Definition \hat{\beta}_{GLS} = (\mathbf{X}^{\prime}\Omega^{-1}\mathbf{X})^{-1}\mathbf{X}^{\prime}\Omega^{-1}\mathbf{y} > Properties >
> (1) GLS is unbiased.
> (2) Consistent.
> (3) Asymptotically normal.
> (4) MV(L)UE
The variance/covariance matrix of the errors for a first-order autoregressive process is useful to derive.
The matrix is banded; observations separated by one point in time are correlated \rho. Period two is \rho^2; the corners are \rho^{T-1}. The diagonal is one.
What I have actually described is the correlation; the relevant autocovariances are actually defined by \frac{\sigma^{2}\rho^{s}}{1 - \rho^2} where s denotes the time period separation.
It is also straightforward to prove (tediously through induction) that this is invertible; it is square and the determinant is non-zero having assumed that |\rho < 1|.
\Phi = \sigma^{2}\Psi = \sigma^{2}_{e} \left(\begin{array}{ccccc}1 & \rho^{1} & \rho^{2} & \ldots & \rho^{T-1} \\ \rho^1 & 1 & \rho^1 & \ldots & \rho^{T-2} \\ \rho^{2} & \rho^1 & 1 & \ldots & \rho^{T-3} \\ \vdots & \vdots & \vdots & \ddots & \vdots \\ \rho^{T-1} & \rho^{T-2} & \rho^{T-3} & \ldots & 1 \end{array}\right)

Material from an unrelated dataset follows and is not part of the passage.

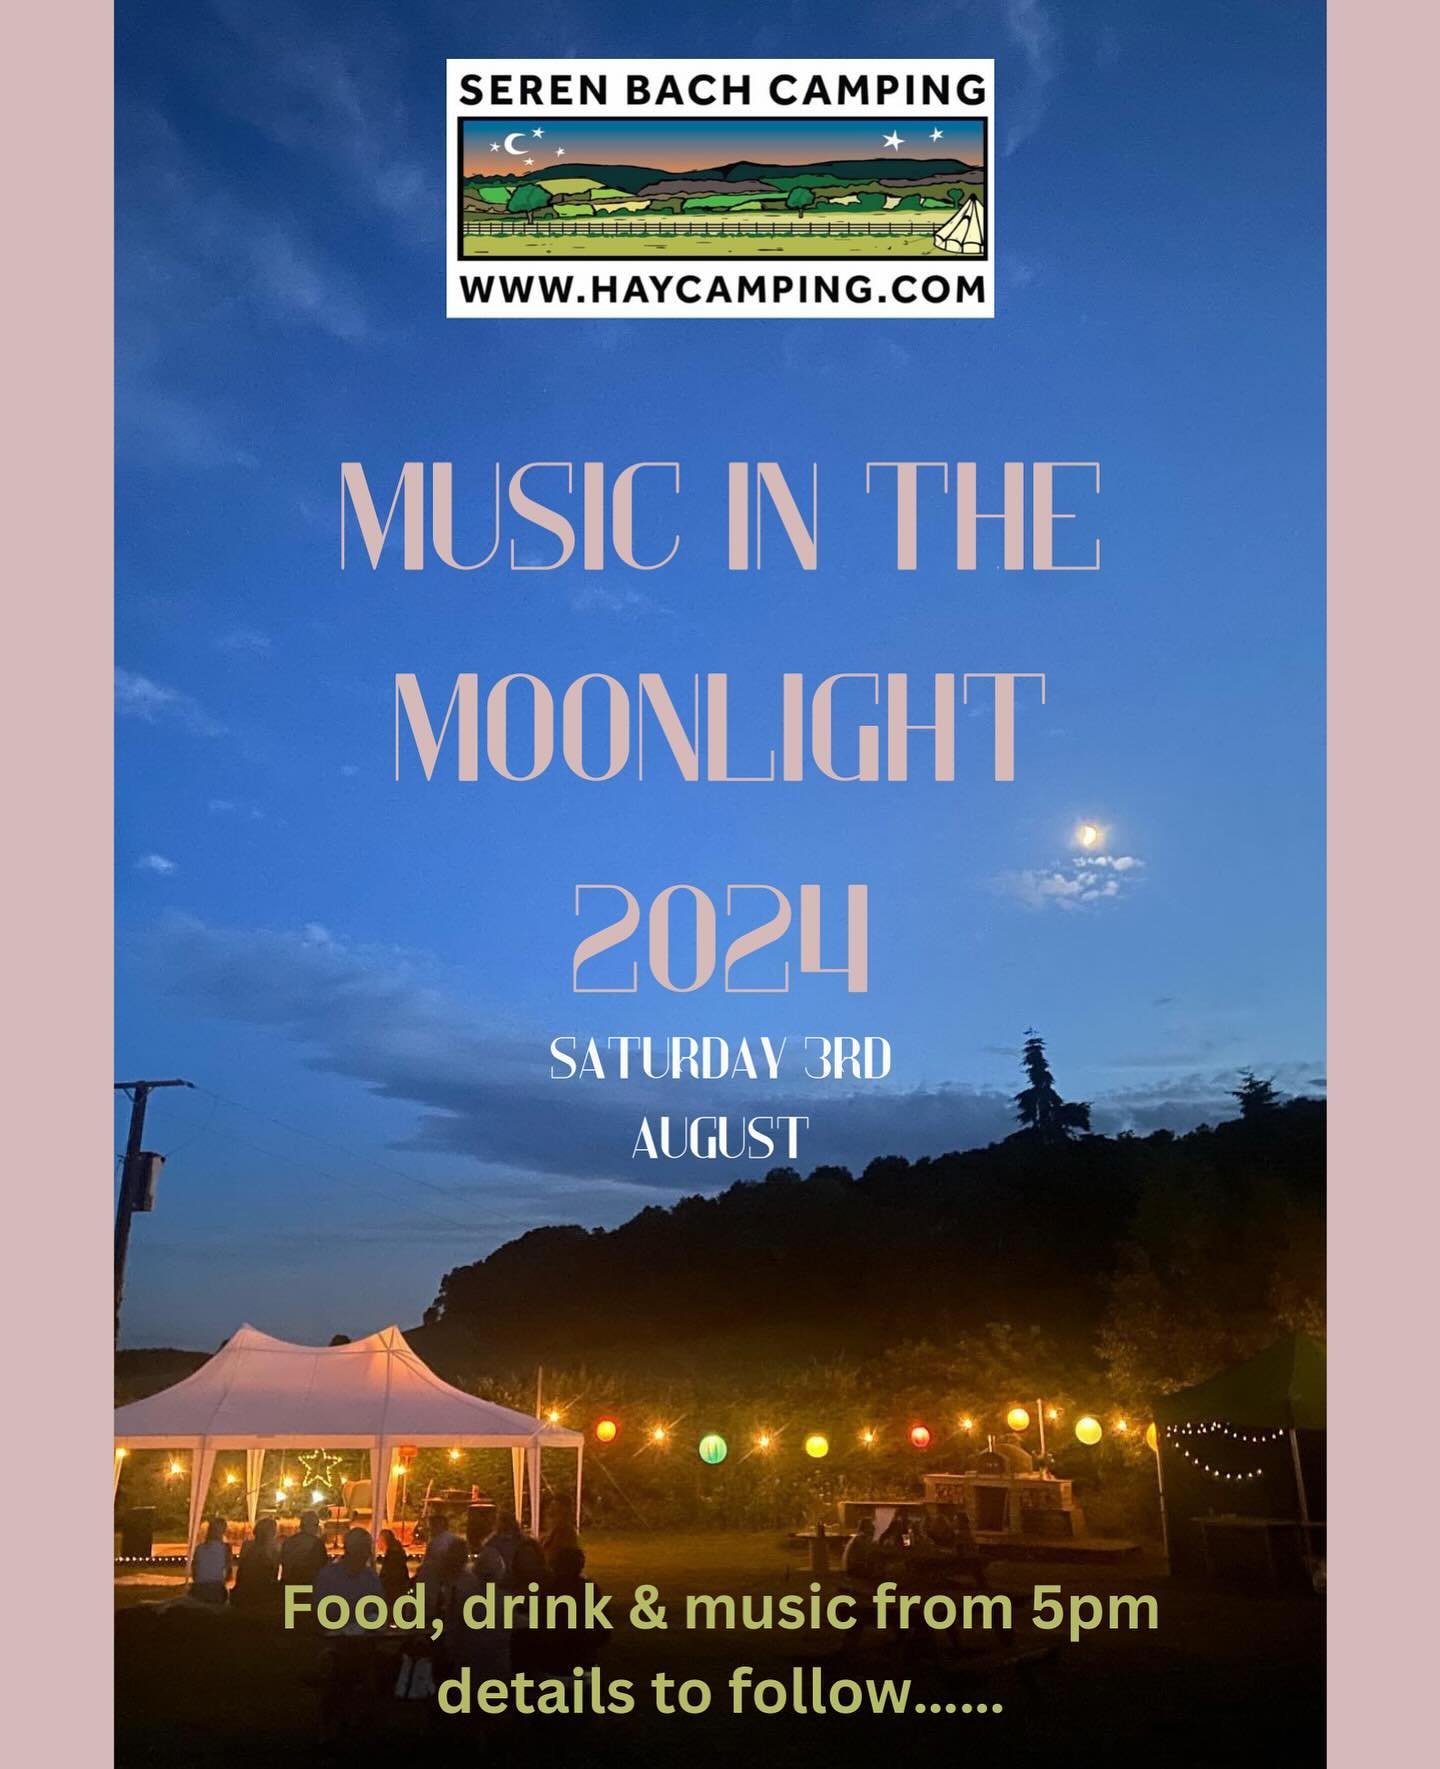 Join us for another night of music in the moonlight on Saturday 3rd august. We will be joined by local food and drink suppliers and lively music from The Slippery Slope Trio (think gypsy folk vibe!). General entry &pound;3 per person and camping &pou
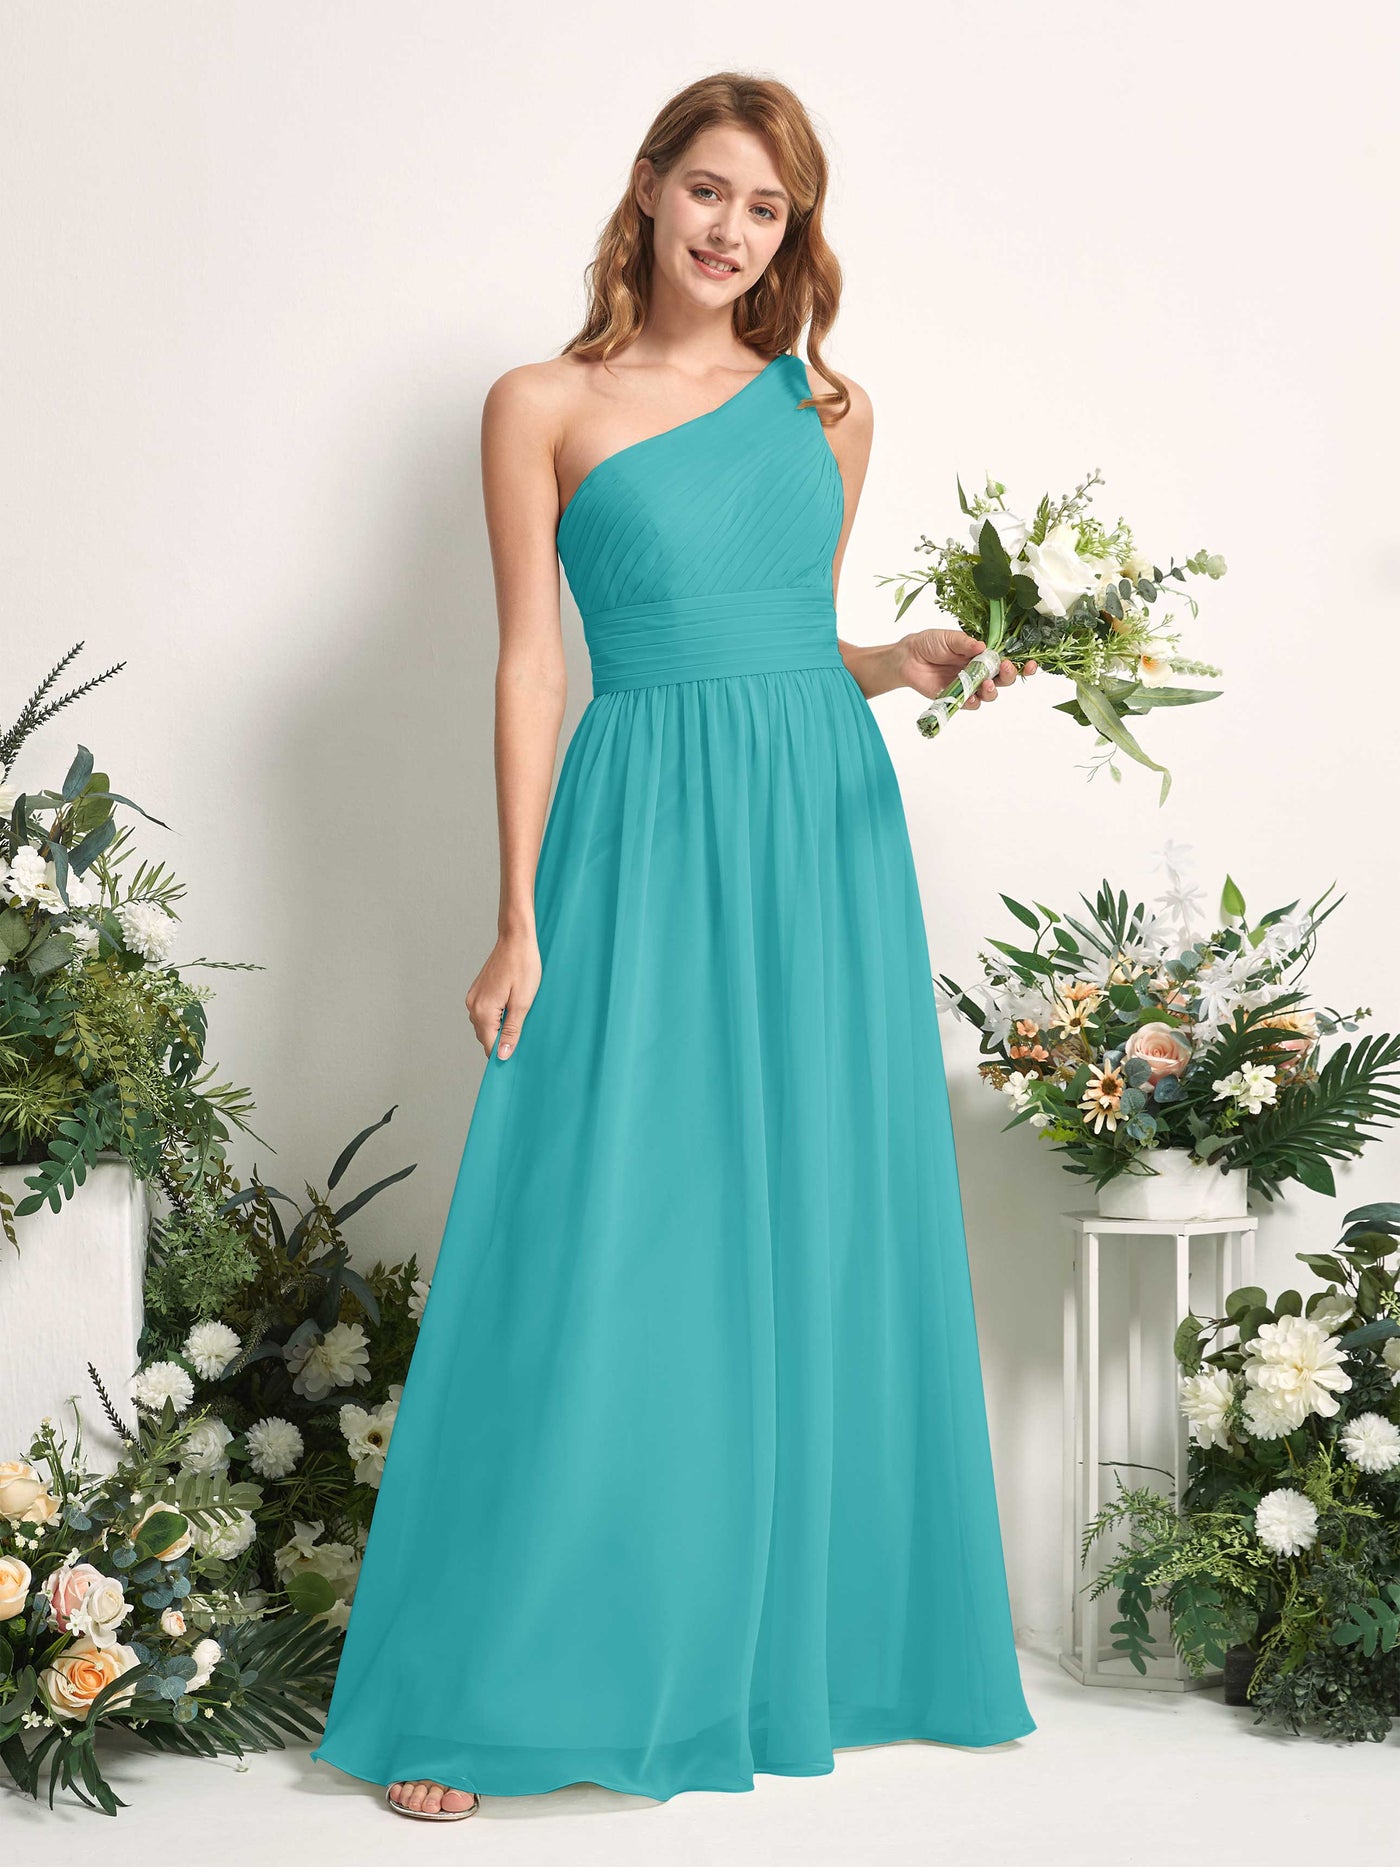 Bridesmaid Dress A-line Chiffon One Shoulder Full Length Sleeveless Wedding Party Dress - Turquoise (81226723)#color_turquoise

given that e_{t} = \rho e_{t-1} + \nu_{t}. A Toeplitz form….
If the variance is stationary, we can rewrite, \sigma^{2}_{e} = \frac{\sigma^{2}_{\nu}}{1 - \rho^{2}}
A comment on characteristic roots….
We have the two key elements to implement this except that we do not know \rho; we will have to estimate it and estimates have uncertainty. But it is important to note this imposes exactly an AR(1). If the process is incorrectly specified, then the optimal properties do not follow. Indeed, the optimal properties also depend on an additional important feature.
We need to estimate things to replace unknown covariance structures and coverage will depend on properties of the estimators of these covariances.
Consistent estimators will work but there is euphemistically considerable variation in the class of consistent estimators.
Contrasting the Beck and Katz/White approach with the GLS approach is a valid difference in philosophies.1 One takes advantage of OLS and Basus Theorem; one goes full Aitken.
y_{t} = a_{1} y_{t-1} + \epsilon_{t}
is the simplest dynamic model but it cannot be estimated consistently, in general terms, in the presence of serial correlation. Why?
The key condition for unbiasedness is violated because \mathbb{E}(y_{t-1}\epsilon_{t}) \neq 0. OLS will not generally work.
A note on dynamic interpretation.
y_{t} = a_{1} y_{t-1} + \beta X_t + \epsilon_{t}
The problem is fitting and the key issue is white noise residuals post-estimation. But we have to assume a structure and implement it.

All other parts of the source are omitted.